» **DATA FOR REVIEW**:
^^^^^^^^
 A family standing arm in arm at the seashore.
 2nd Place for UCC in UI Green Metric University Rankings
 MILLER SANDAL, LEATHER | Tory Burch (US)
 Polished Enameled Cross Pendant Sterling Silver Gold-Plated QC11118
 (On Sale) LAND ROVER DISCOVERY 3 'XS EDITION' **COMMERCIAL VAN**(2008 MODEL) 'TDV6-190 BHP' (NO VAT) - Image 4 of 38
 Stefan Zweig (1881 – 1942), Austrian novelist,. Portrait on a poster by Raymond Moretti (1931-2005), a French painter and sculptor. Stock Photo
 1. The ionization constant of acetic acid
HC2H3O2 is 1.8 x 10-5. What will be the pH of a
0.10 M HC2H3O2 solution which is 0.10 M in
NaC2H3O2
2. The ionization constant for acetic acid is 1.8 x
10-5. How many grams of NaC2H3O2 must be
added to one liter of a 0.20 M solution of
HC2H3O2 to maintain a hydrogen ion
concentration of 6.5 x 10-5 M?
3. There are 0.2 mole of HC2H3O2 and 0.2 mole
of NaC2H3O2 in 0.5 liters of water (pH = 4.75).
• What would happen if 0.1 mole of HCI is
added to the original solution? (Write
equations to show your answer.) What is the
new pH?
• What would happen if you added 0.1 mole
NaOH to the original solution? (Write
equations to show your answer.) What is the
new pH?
^^^^^^^^
» **ABOUT THIS EXERCISE**:
All of the records go in your answer, copied exactly.

» **ANSWER AREA**:
 A family standing arm in arm at the seashore.
 2nd Place for UCC in UI Green Metric University Rankings
 MILLER SANDAL, LEATHER | Tory Burch (US)
 Polished Enameled Cross Pendant Sterling Silver Gold-Plated QC11118
 (On Sale) LAND ROVER DISCOVERY 3 'XS EDITION' **COMMERCIAL VAN**(2008 MODEL) 'TDV6-190 BHP' (NO VAT) - Image 4 of 38
 Stefan Zweig (1881 – 1942), Austrian novelist,. Portrait on a poster by Raymond Moretti (1931-2005), a French painter and sculptor. Stock Photo
 1. The ionization constant of acetic acid
HC2H3O2 is 1.8 x 10-5. What will be the pH of a
0.10 M HC2H3O2 solution which is 0.10 M in
NaC2H3O2
2. The ionization constant for acetic acid is 1.8 x
10-5. How many grams of NaC2H3O2 must be
added to one liter of a 0.20 M solution of
HC2H3O2 to maintain a hydrogen ion
concentration of 6.5 x 10-5 M?
3. There are 0.2 mole of HC2H3O2 and 0.2 mole
of NaC2H3O2 in 0.5 liters of water (pH = 4.75).
• What would happen if 0.1 mole of HCI is
added to the original solution? (Write
equations to show your answer.) What is the
new pH?
• What would happen if you added 0.1 mole
NaOH to the original solution? (Write
equations to show your answer.) What is the
new pH?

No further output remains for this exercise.